No pictures go in the copy; everything else in the records below must be output exactly.
+---+
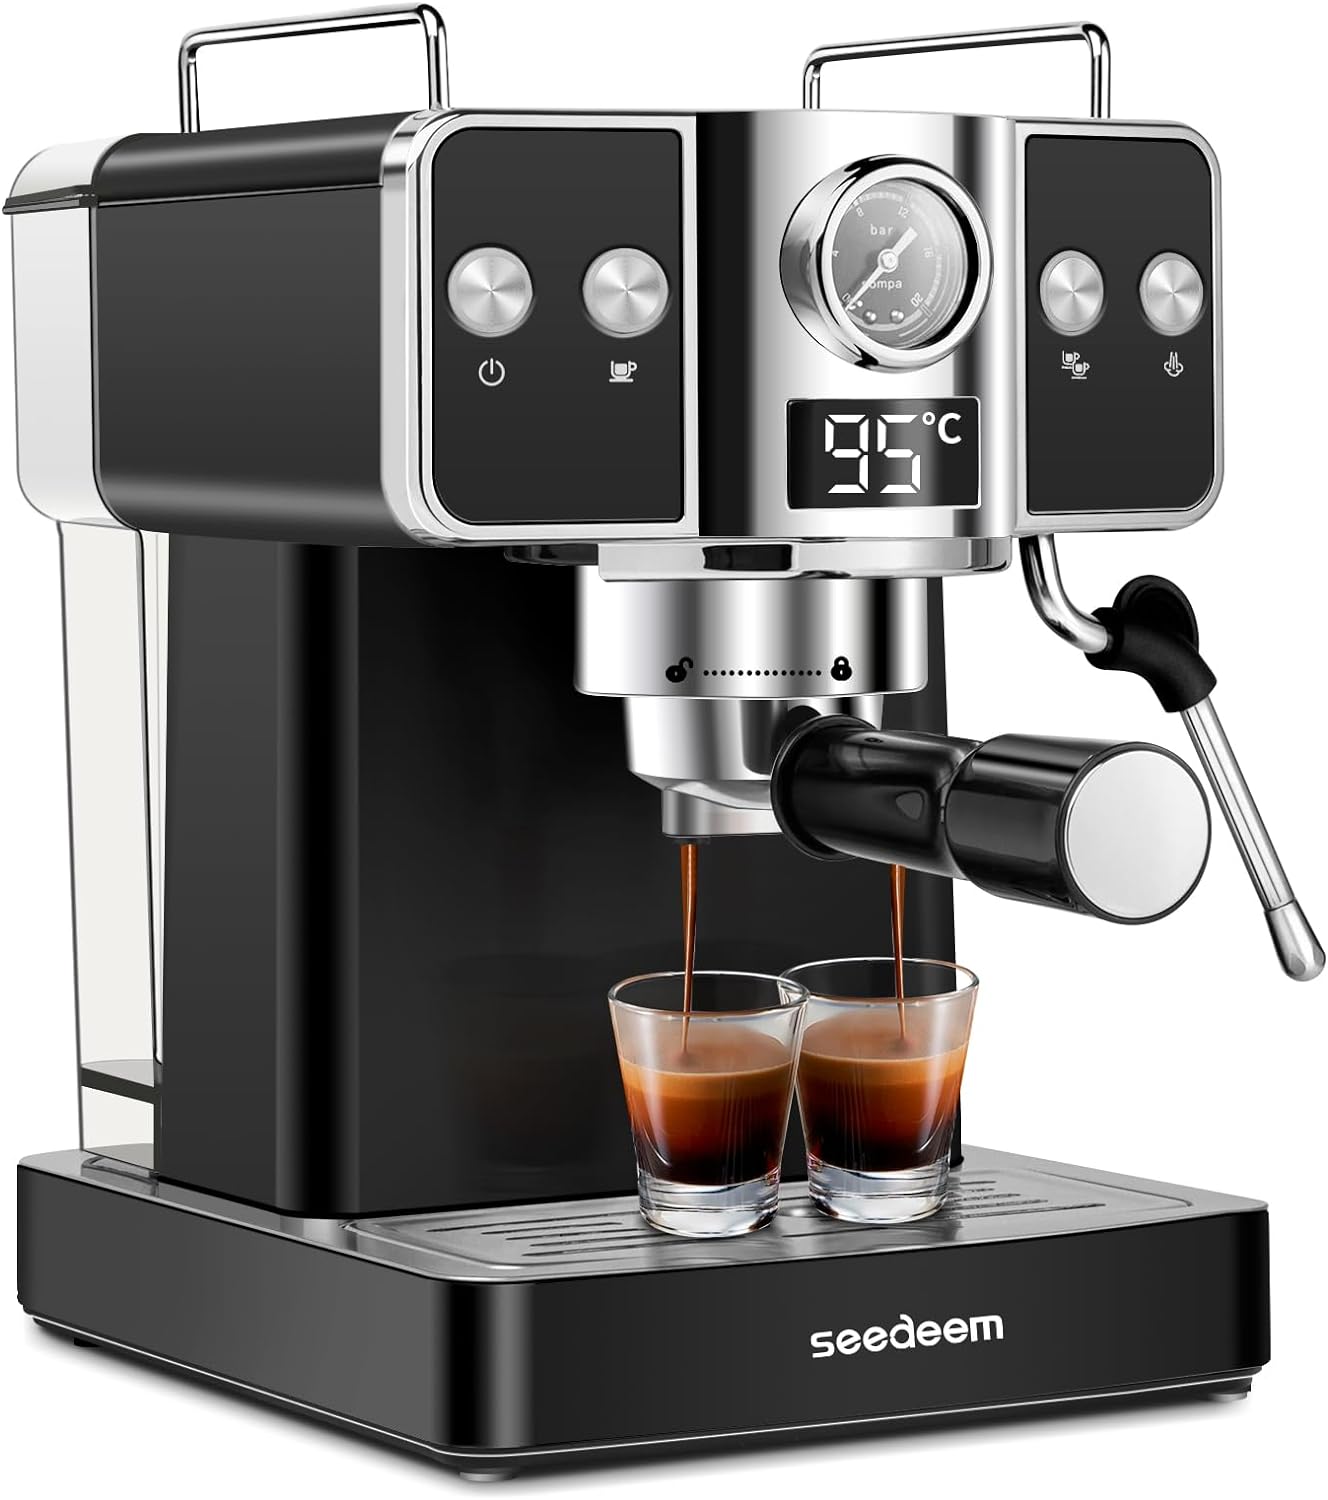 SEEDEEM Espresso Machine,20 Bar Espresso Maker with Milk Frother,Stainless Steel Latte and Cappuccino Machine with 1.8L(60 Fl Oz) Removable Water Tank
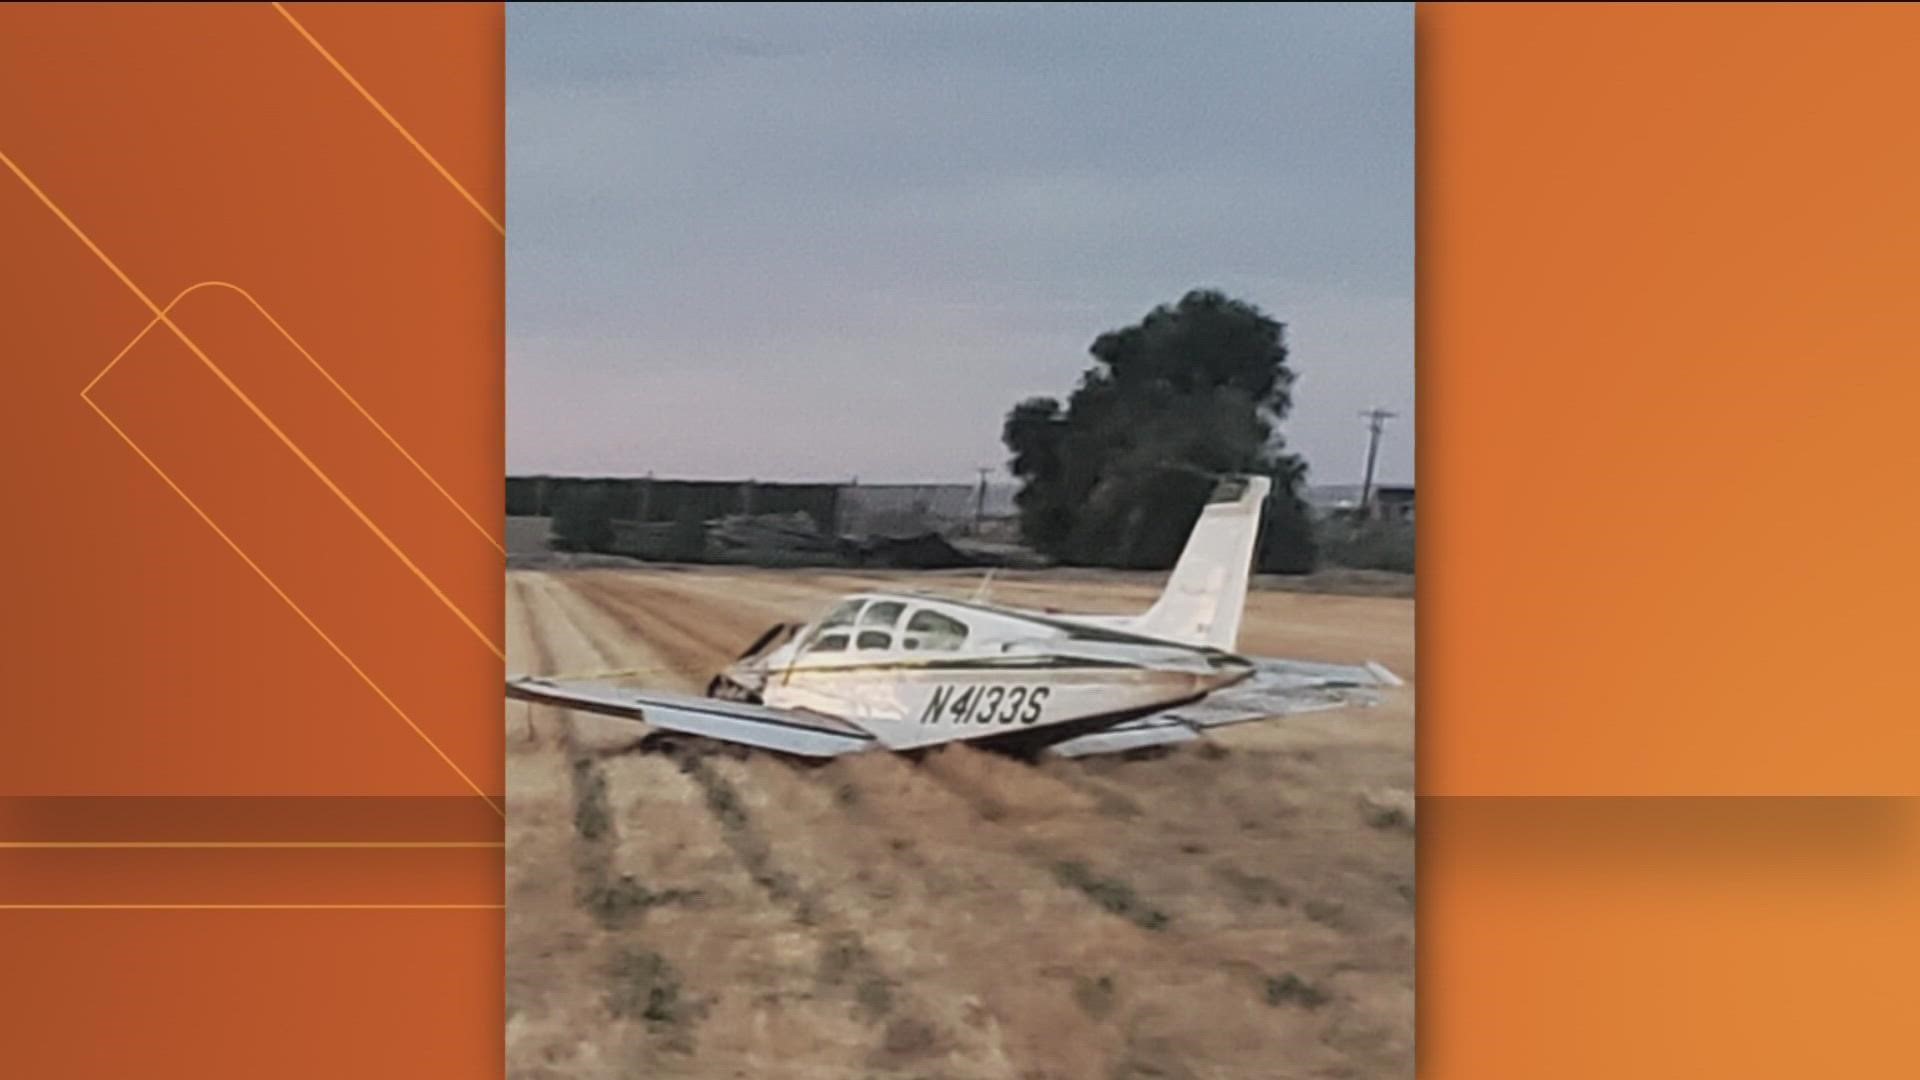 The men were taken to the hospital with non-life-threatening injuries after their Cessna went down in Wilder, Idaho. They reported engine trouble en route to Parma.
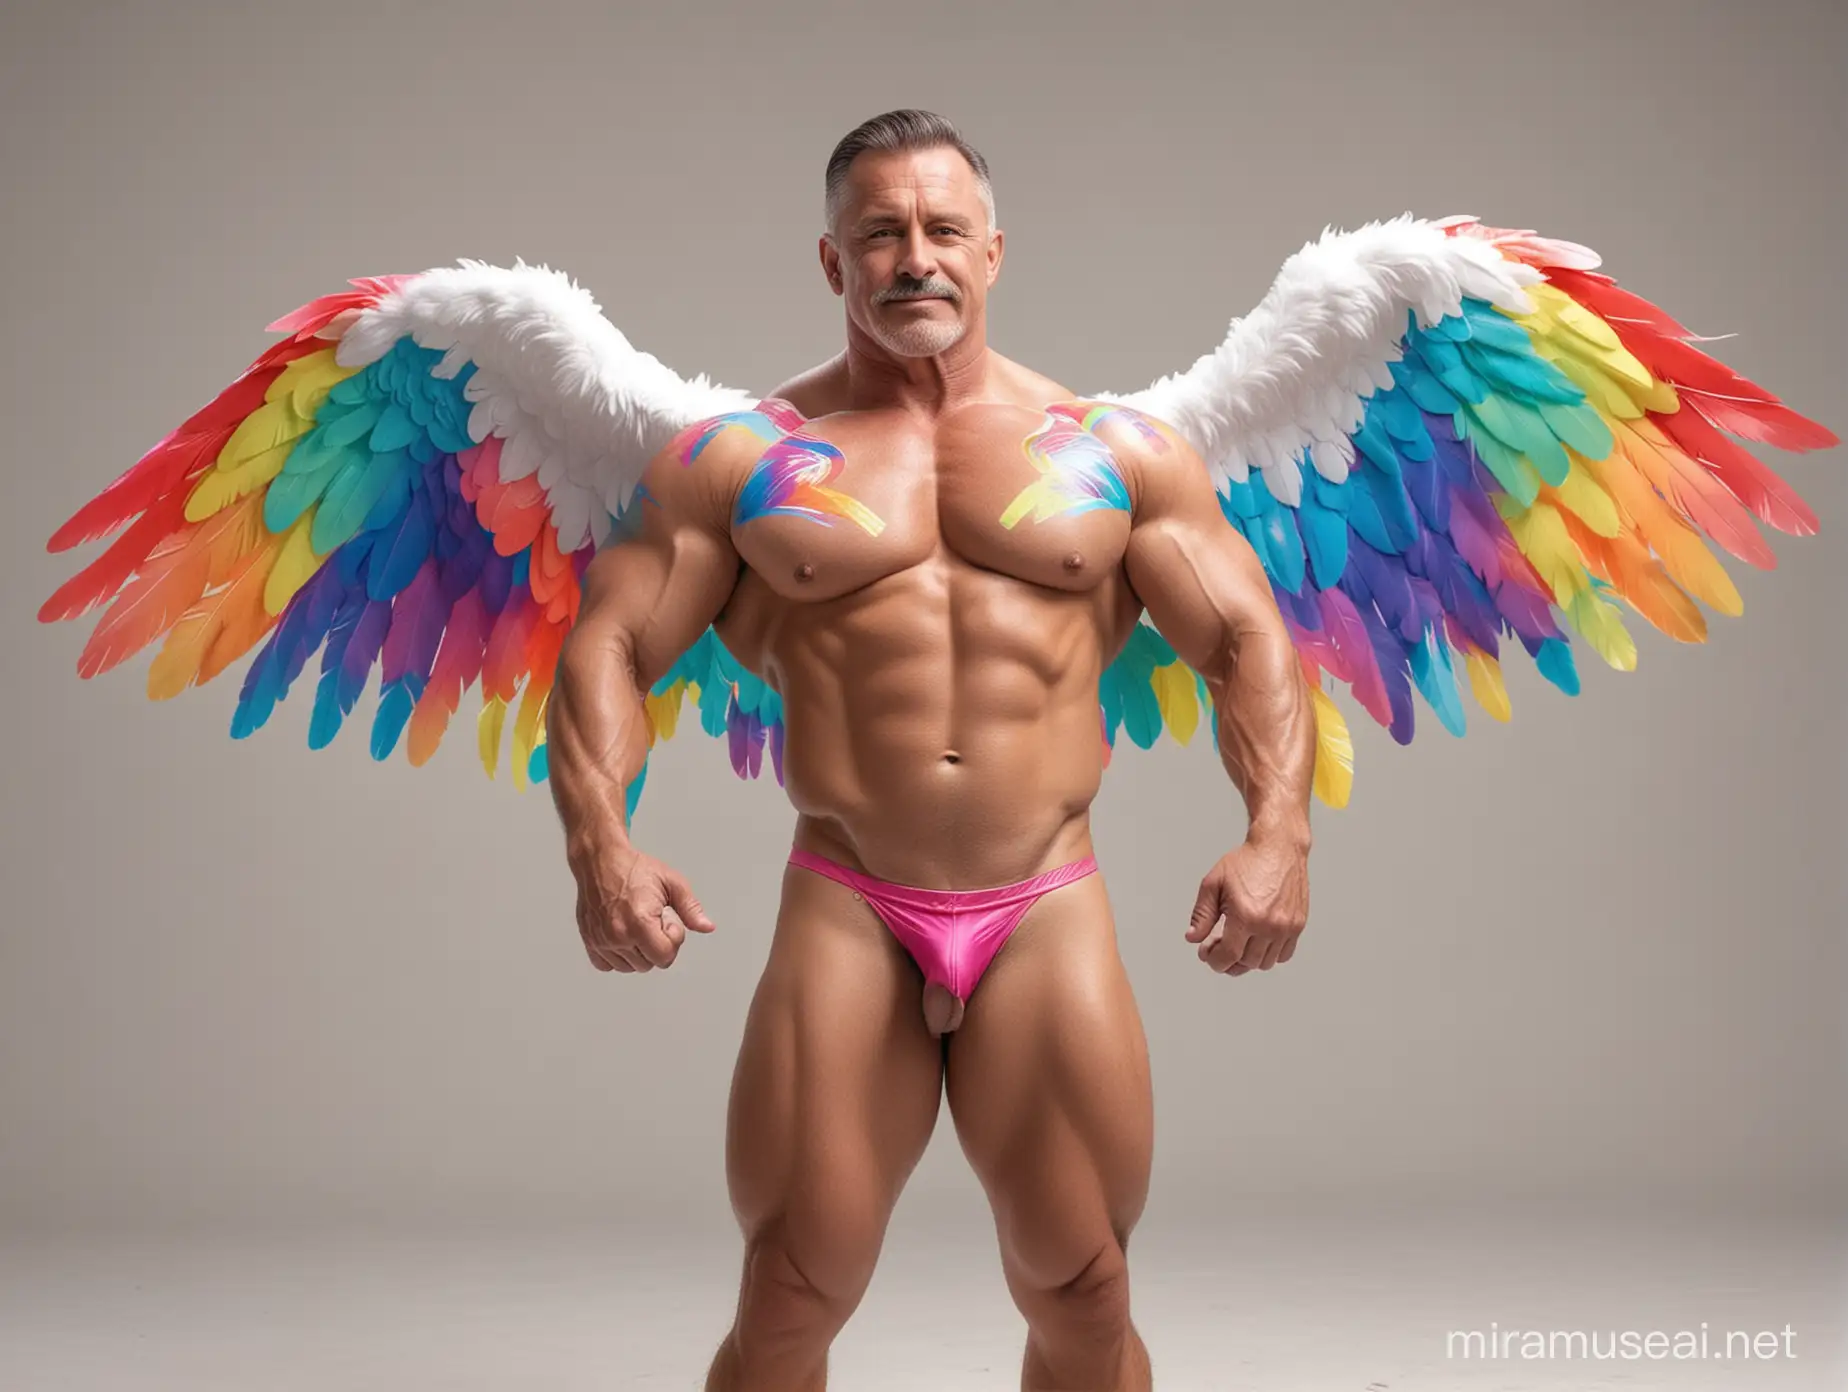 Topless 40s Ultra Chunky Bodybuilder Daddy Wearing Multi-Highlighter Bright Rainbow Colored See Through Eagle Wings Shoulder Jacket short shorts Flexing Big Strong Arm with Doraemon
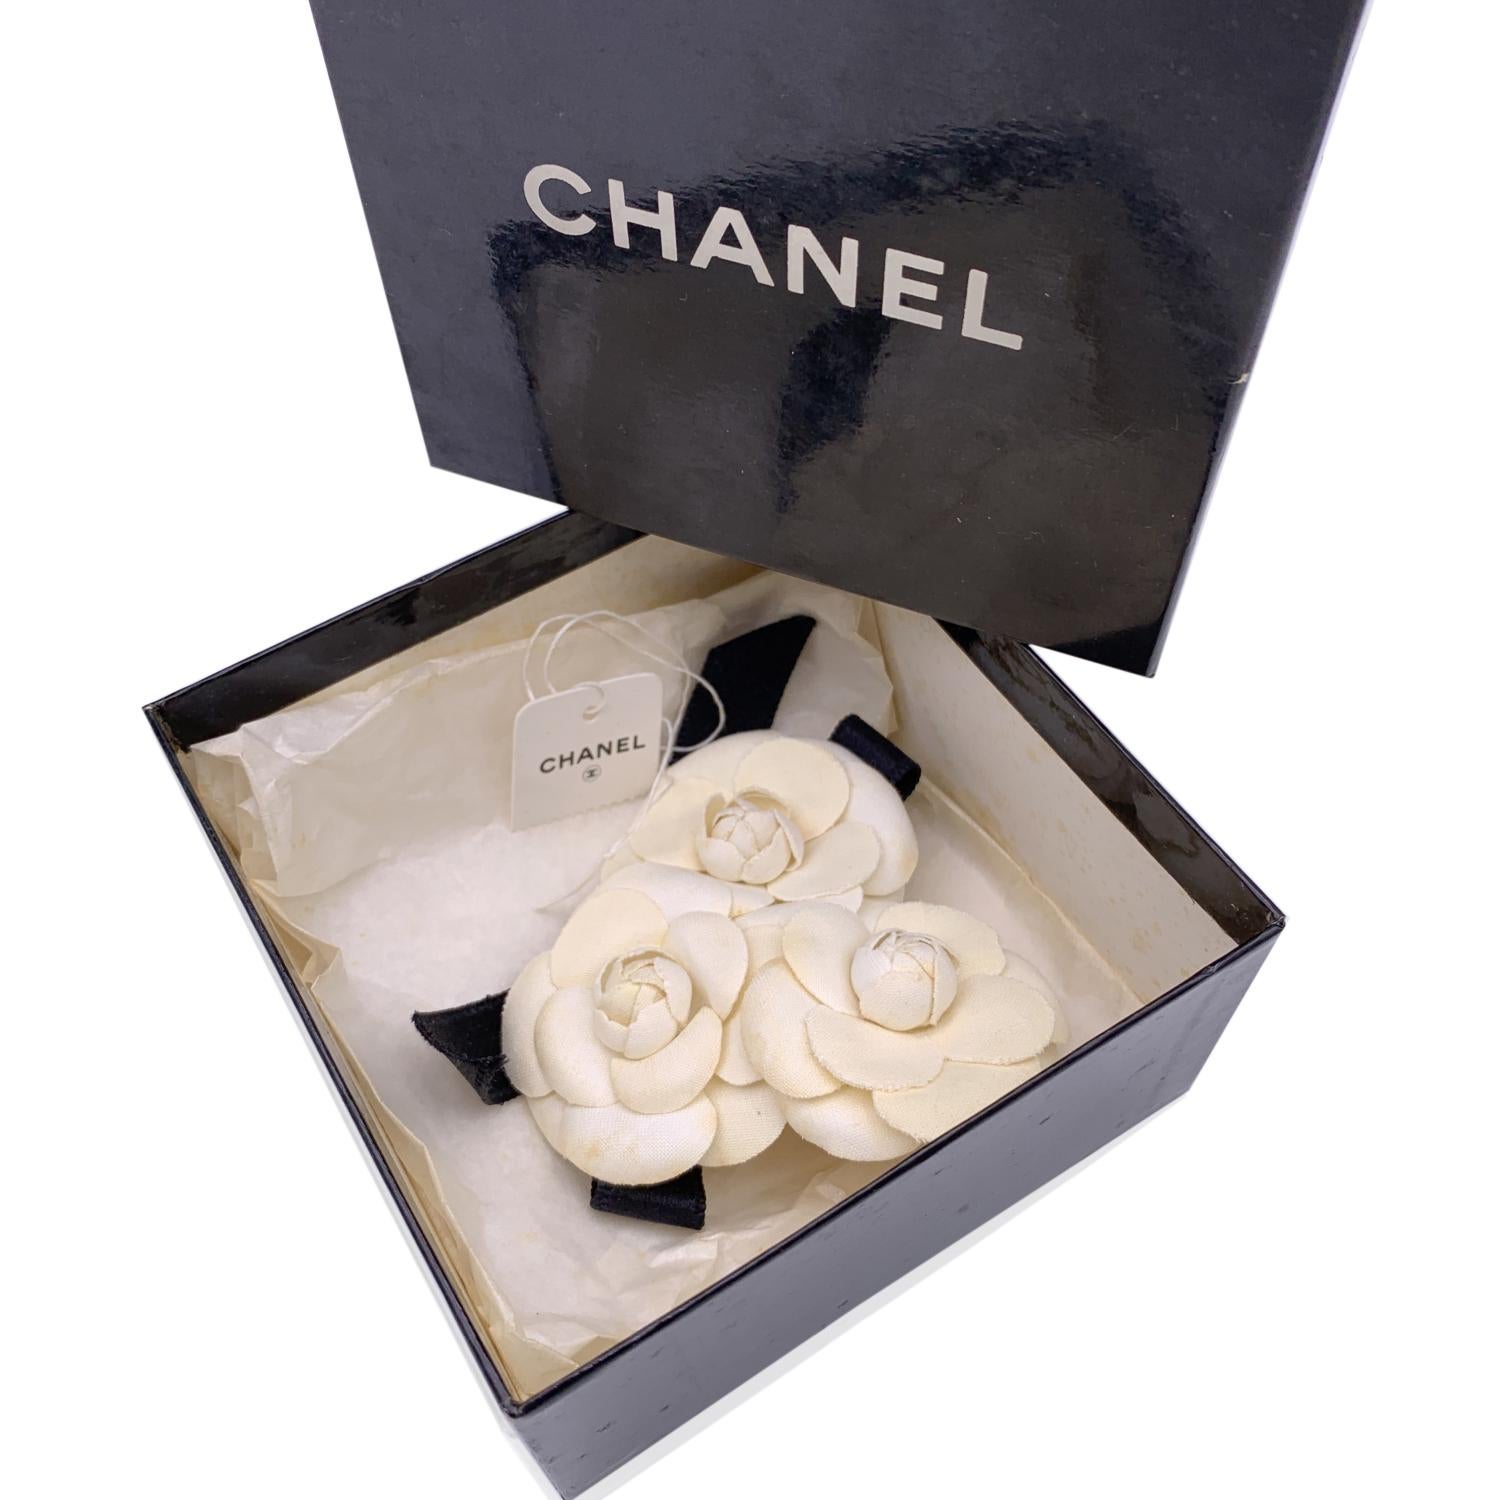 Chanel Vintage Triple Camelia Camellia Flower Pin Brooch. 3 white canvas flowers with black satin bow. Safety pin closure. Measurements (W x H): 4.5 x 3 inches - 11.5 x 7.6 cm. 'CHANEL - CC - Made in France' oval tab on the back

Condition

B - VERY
+---+
Solution for this problem
 SEEDEEM Espresso Machine,20 Bar Espresso Maker with Milk Frother,Stainless Steel Latte and Cappuccino Machine with 1.8L(60 Fl Oz) Removable Water Tank
 The men were taken to the hospital with non-life-threatening injuries after their Cessna went down in Wilder, Idaho. They reported engine trouble en route to Parma.
 Topless 40s Ultra Chunky Bodybuilder Daddy Wearing Multi-Highlighter Bright Rainbow Colored See Through Eagle Wings Shoulder Jacket short shorts Flexing Big Strong Arm with Doraemon
 Chanel Vintage Triple Camelia Camellia Flower Pin Brooch. 3 white canvas flowers with black satin bow. Safety pin closure. Measurements (W x H): 4.5 x 3 inches - 11.5 x 7.6 cm. 'CHANEL - CC - Made in France' oval tab on the back

Condition

B - VERY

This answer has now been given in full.